>>>>

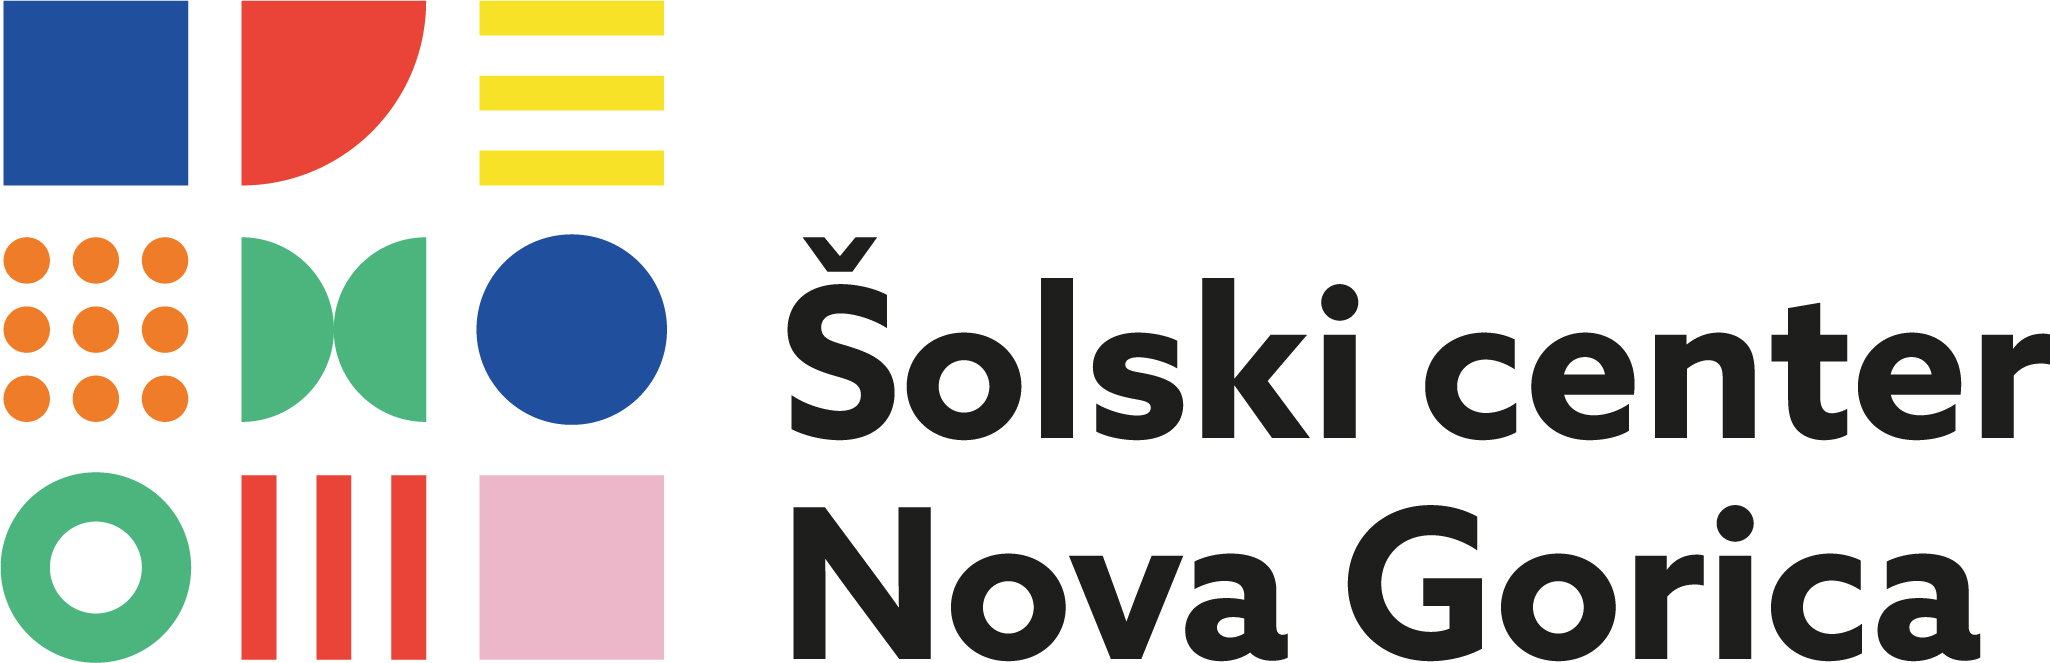 SCNG_Barvni_Logo z nazivom
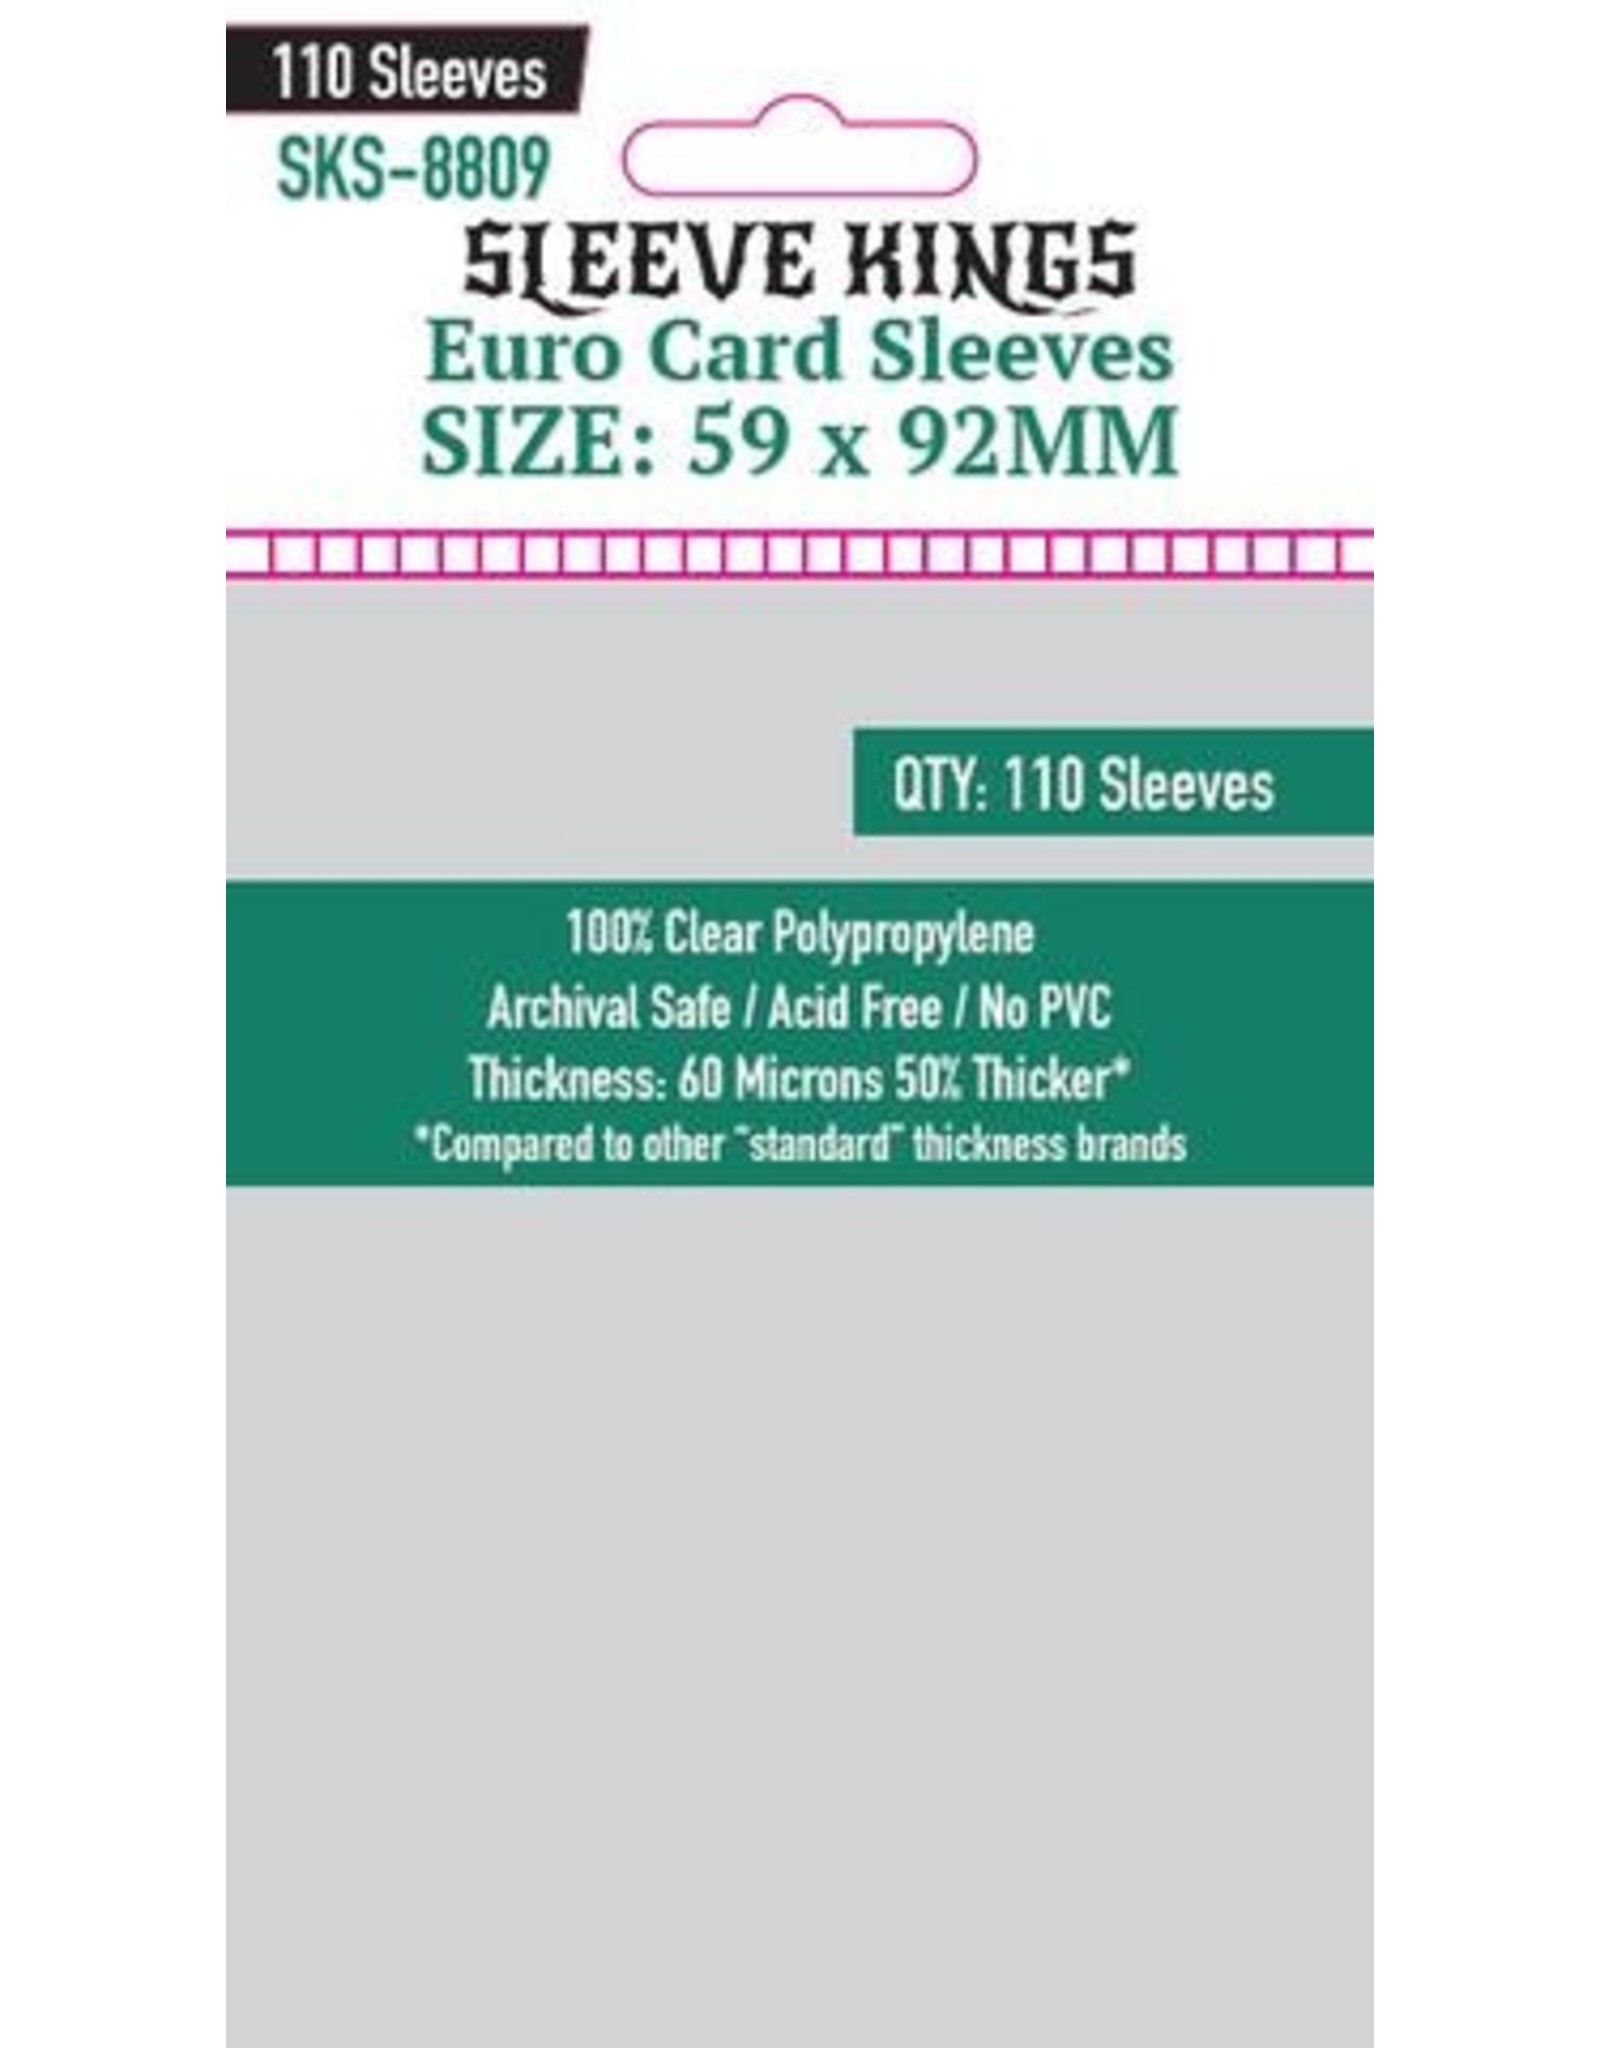 Sleeve Kings Sleeve Kings Euro Card Sleeves (59x92mm) - 110 Pack
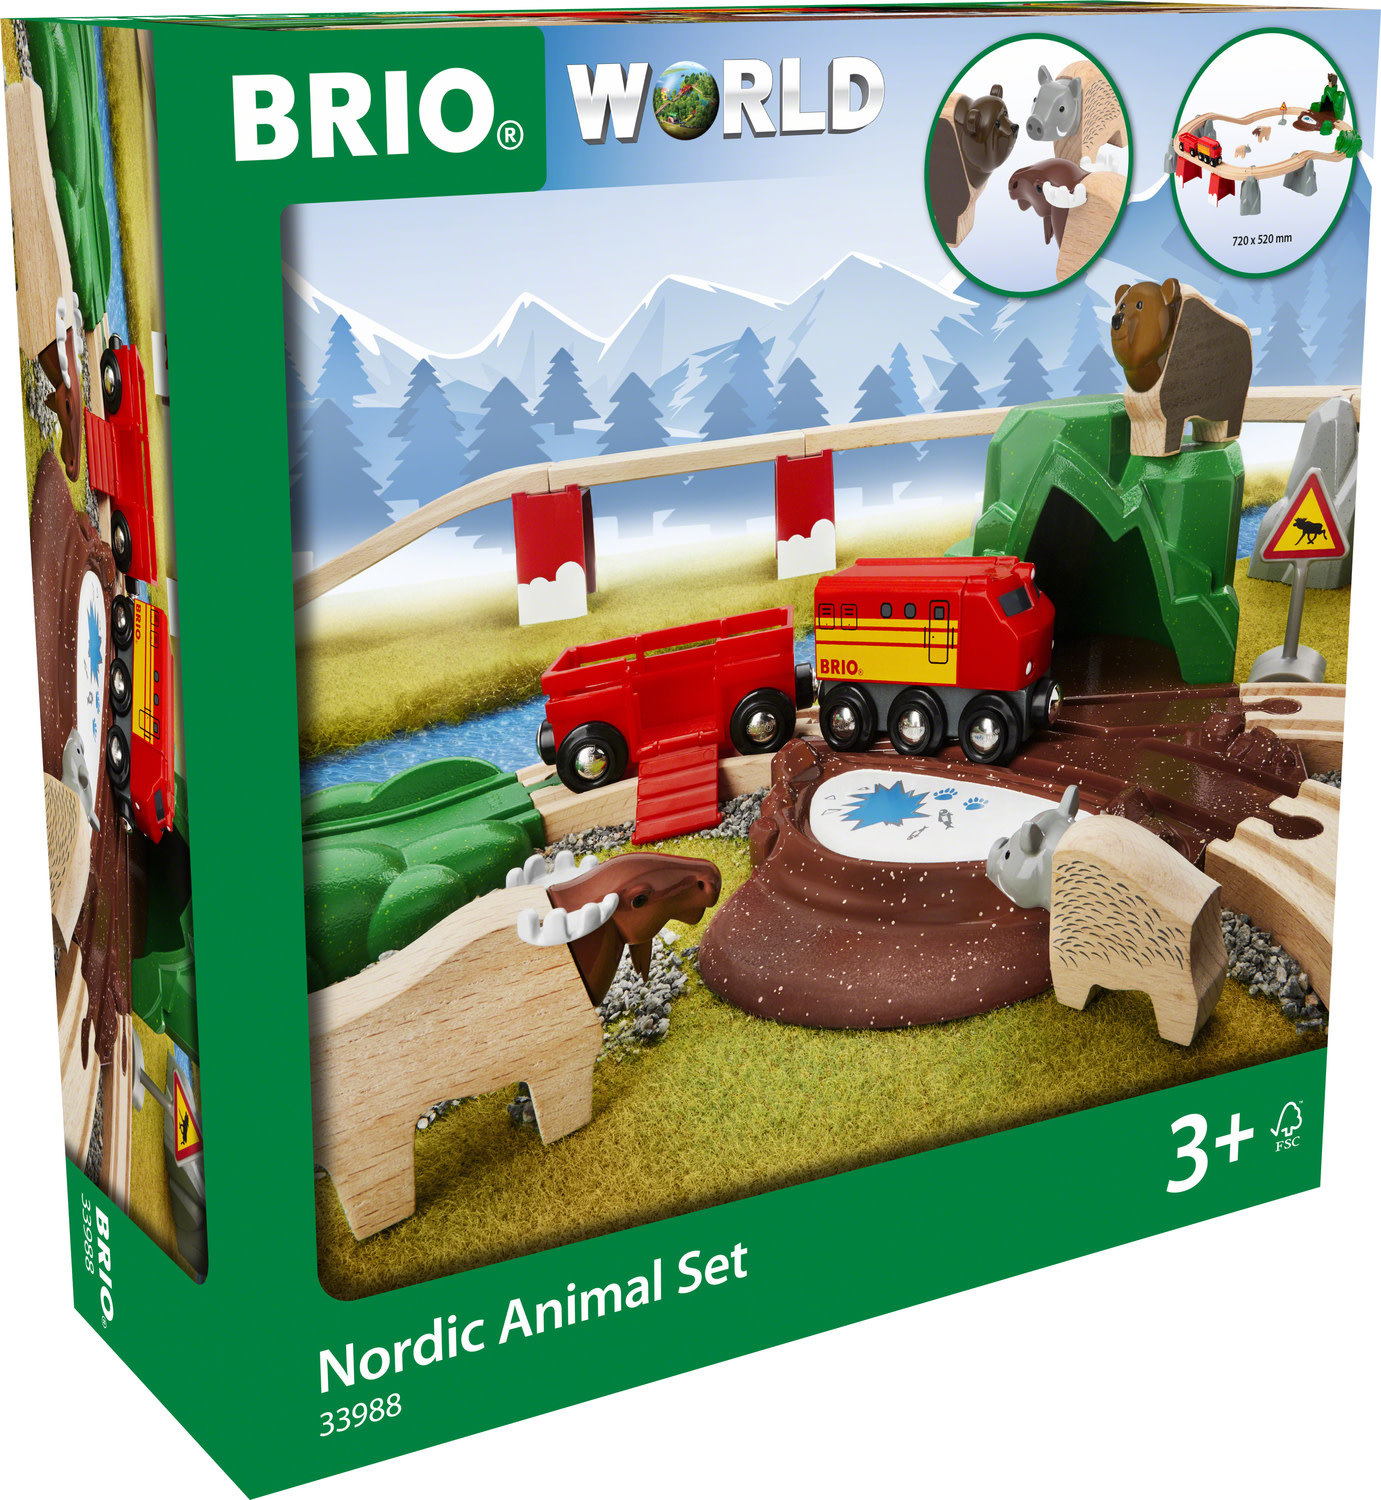 BRIO Forest Animal Set
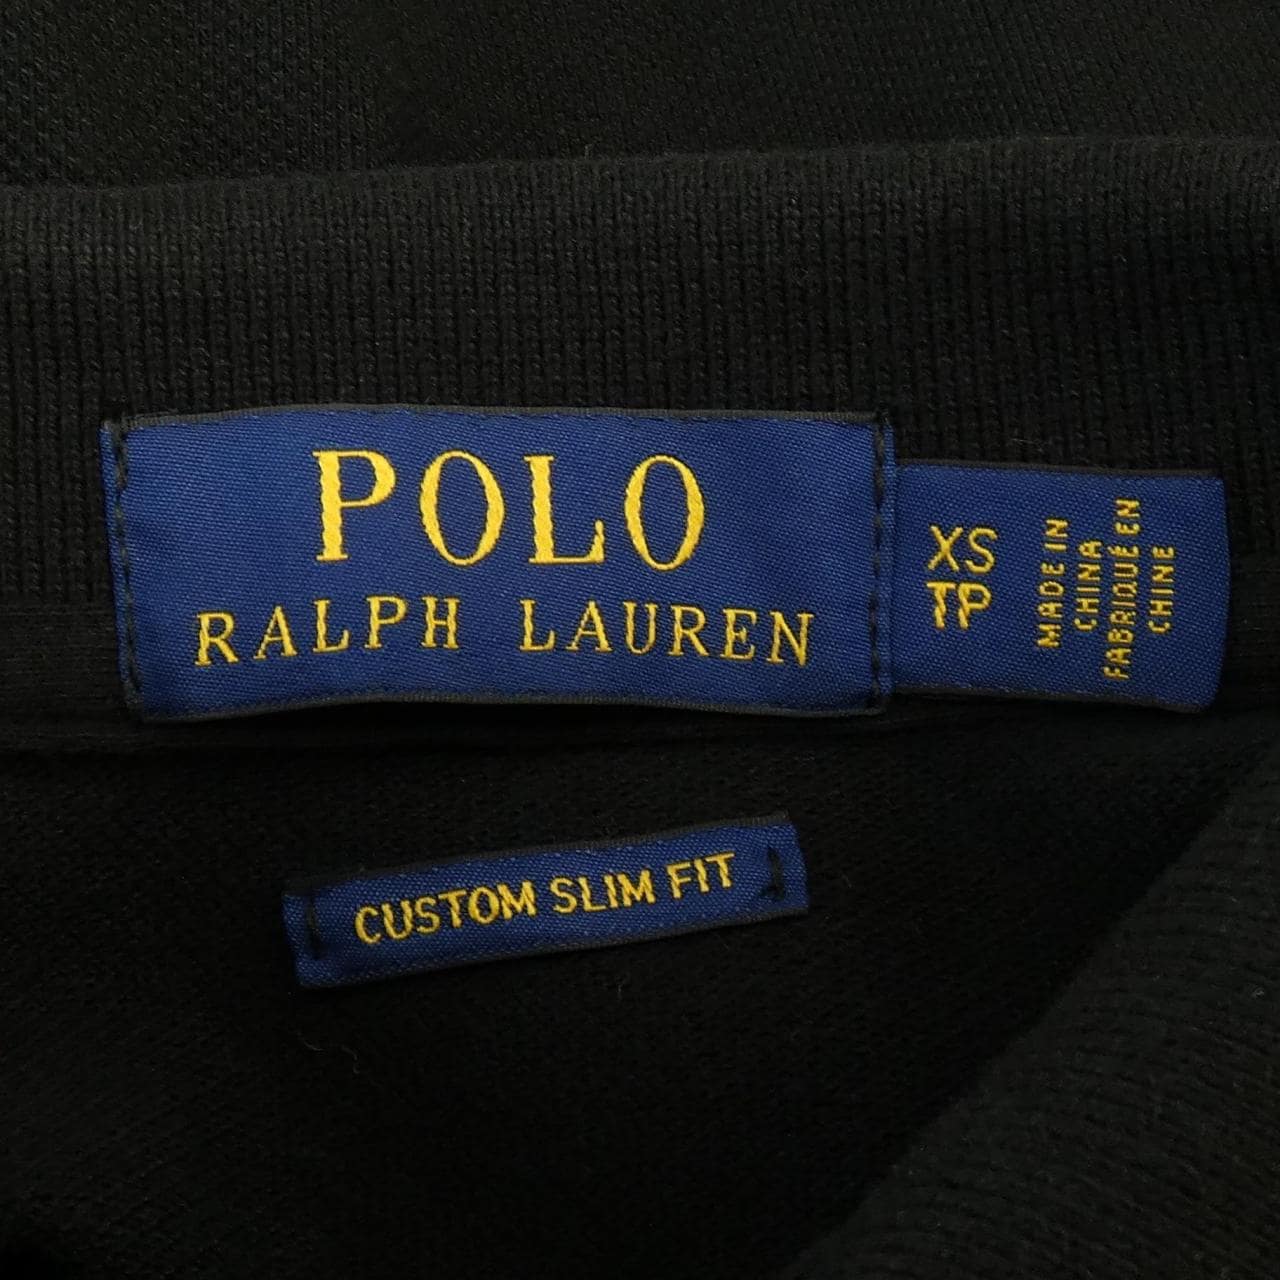 Ralph LaLPH LAUREN Polo衫

<<<<

## Task to carry out
Copy out the data above exactly, except the pictures.

## Reply
 SCNG_Barvni_Logo z nazivom
 Sleeve Kings Sleeve Kings Euro Card Sleeves (59x92mm) - 110 Pack
 BRIO Forest Animal Set
 Ralph LaLPH LAUREN Polo衫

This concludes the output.